The performance of Maxtor ATA drives was also a notable characteristic. With spinning speeds typically around 5400 RPM and 7200 RPM, these drives provided competitive read and write speeds compared to their contemporaries. The utilization of larger cache memory, often up to 8 MB or more, helped improve data transfer rates, ensuring quick access to files and applications.

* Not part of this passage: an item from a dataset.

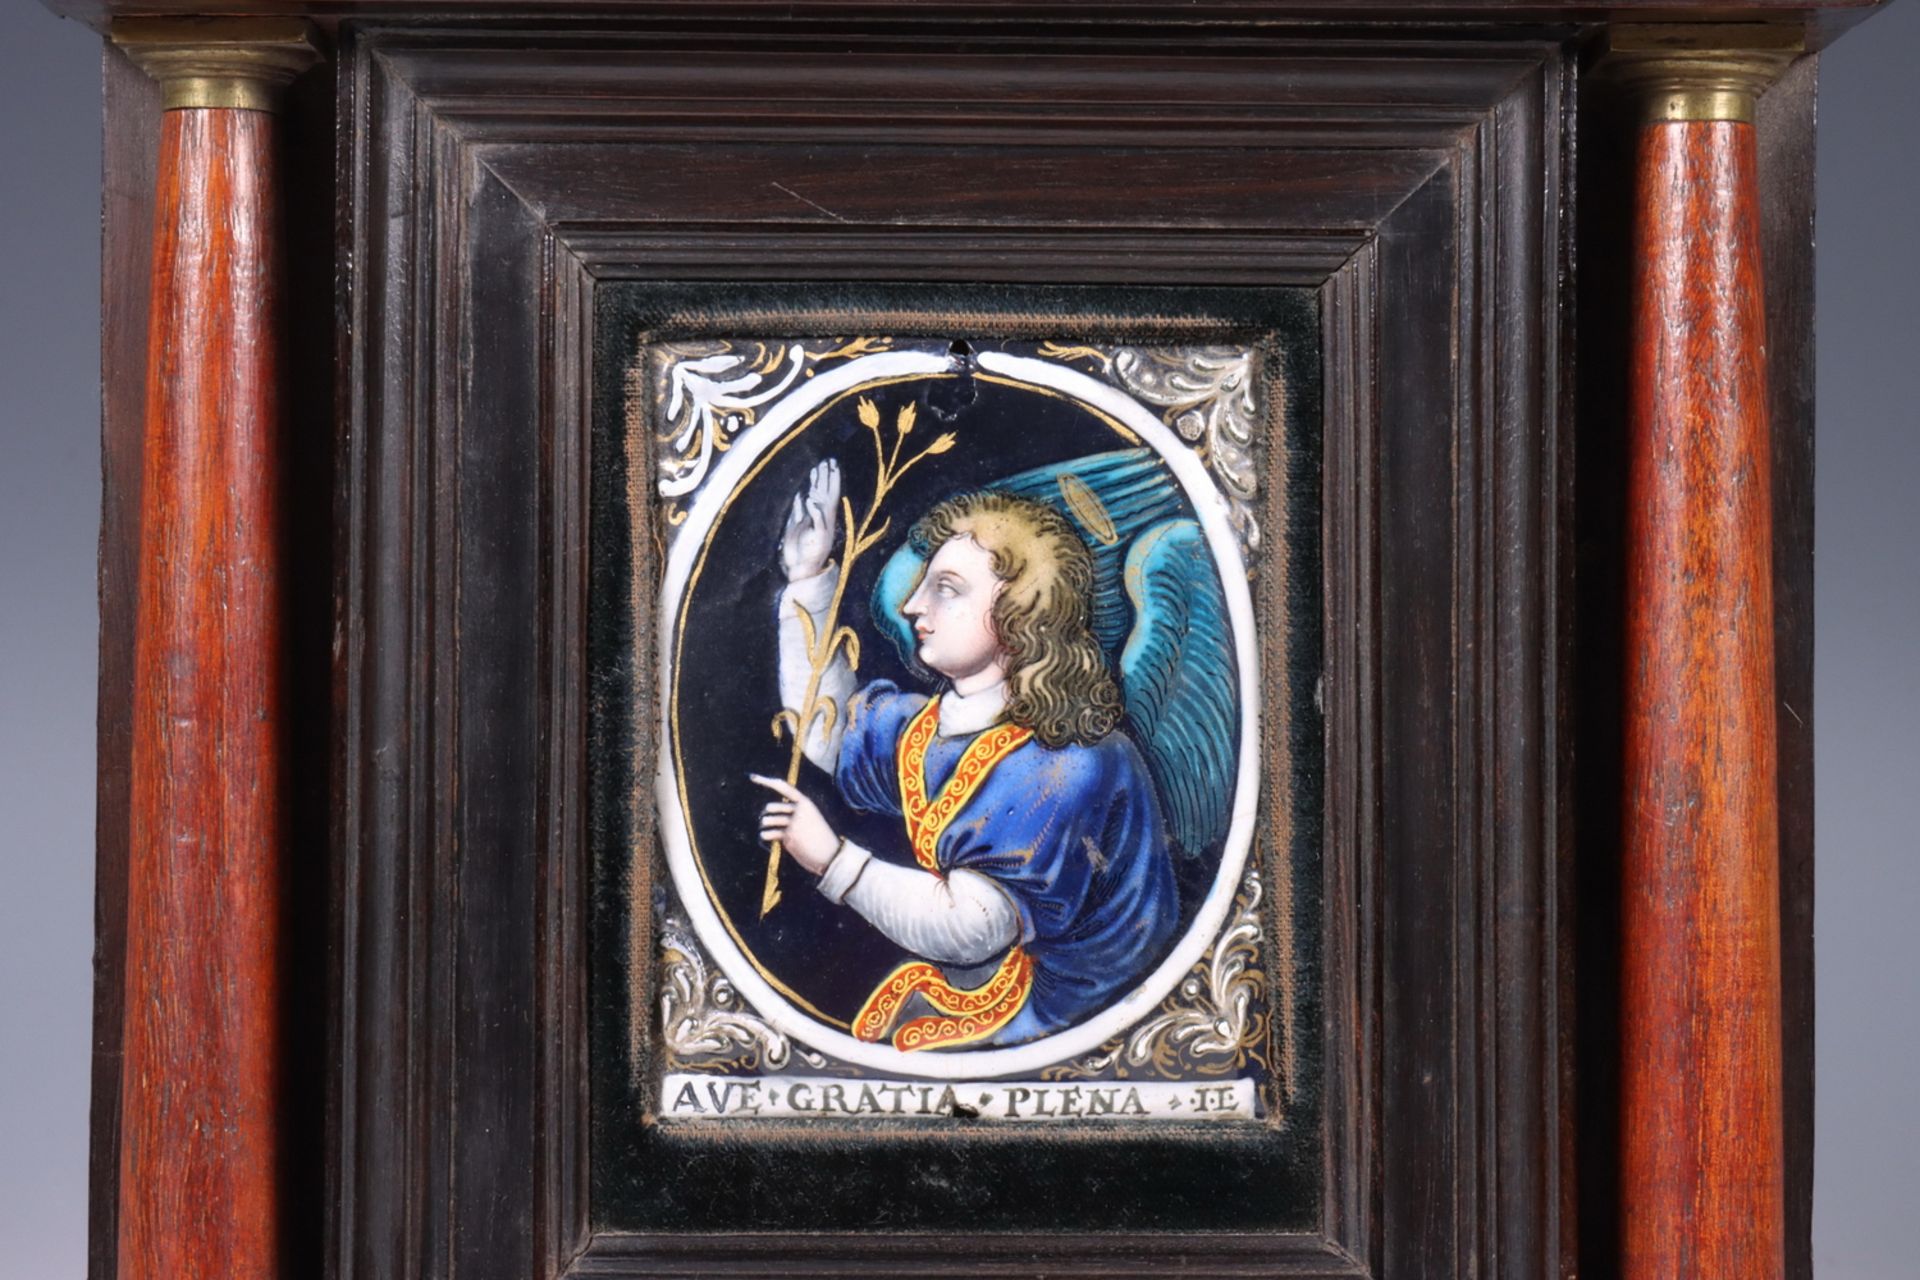 Limoges, emaille plaquette 'Ave Gratia Plena Il', Laudin, ca. 1700, - Image 2 of 3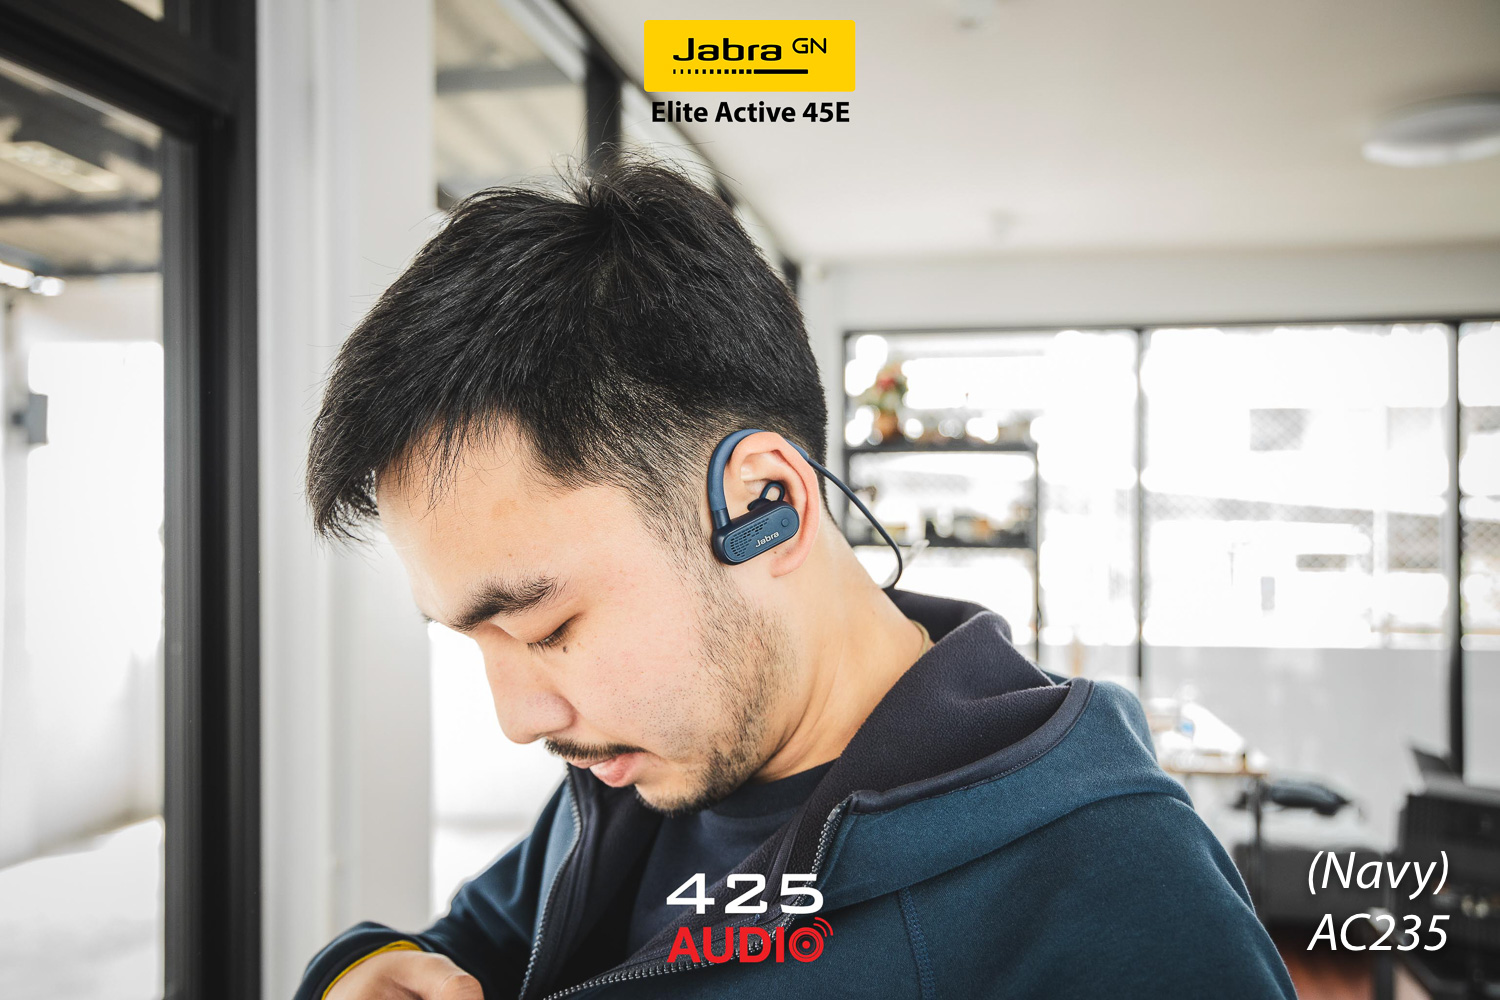 earphone,jabra,sport,bluetooth5.0,wirelesssport,exercise,IP67,fit,comfortable,stereo,HiFi,earbud,eliteactive45e,iOS,android

Maxtor also deployed various technologies to enhance the reliability and longevity of their drives. One such innovation was the use of Shock Protection technologies, which minimized the risk of data loss due to physical shocks or impacts. This was particularly important for portable storage devices, where movement and jostling are common.

The drives were also designed with data integrity in mind. Maxtor incorporated features like S.M.A.R.T (Self-Monitoring, Analysis, and Reporting Technology) to help predict drive failures by monitoring various parameters. This proactive approach greatly assisted users in taking precautions against data loss.

Capacity-wise, Maxtor ATA drives varied significantly over the years, from a few gigabytes in the early 1990s to several terabytes by the time the brand was phased out. This scalability made Maxtor products suitable for both casual users and enterprises needing to store vast amounts of data.

In conclusion, the Maxtor ATA drives represented a significant step forward in storage technology, combining reliability, performance, and innovation. Their legacy continues to influence modern storage solutions, as many of the underlying principles and technologies have persisted into the current era of data storage. Though the brand is no longer in active development, its impact remains a noteworthy chapter in the history of computing.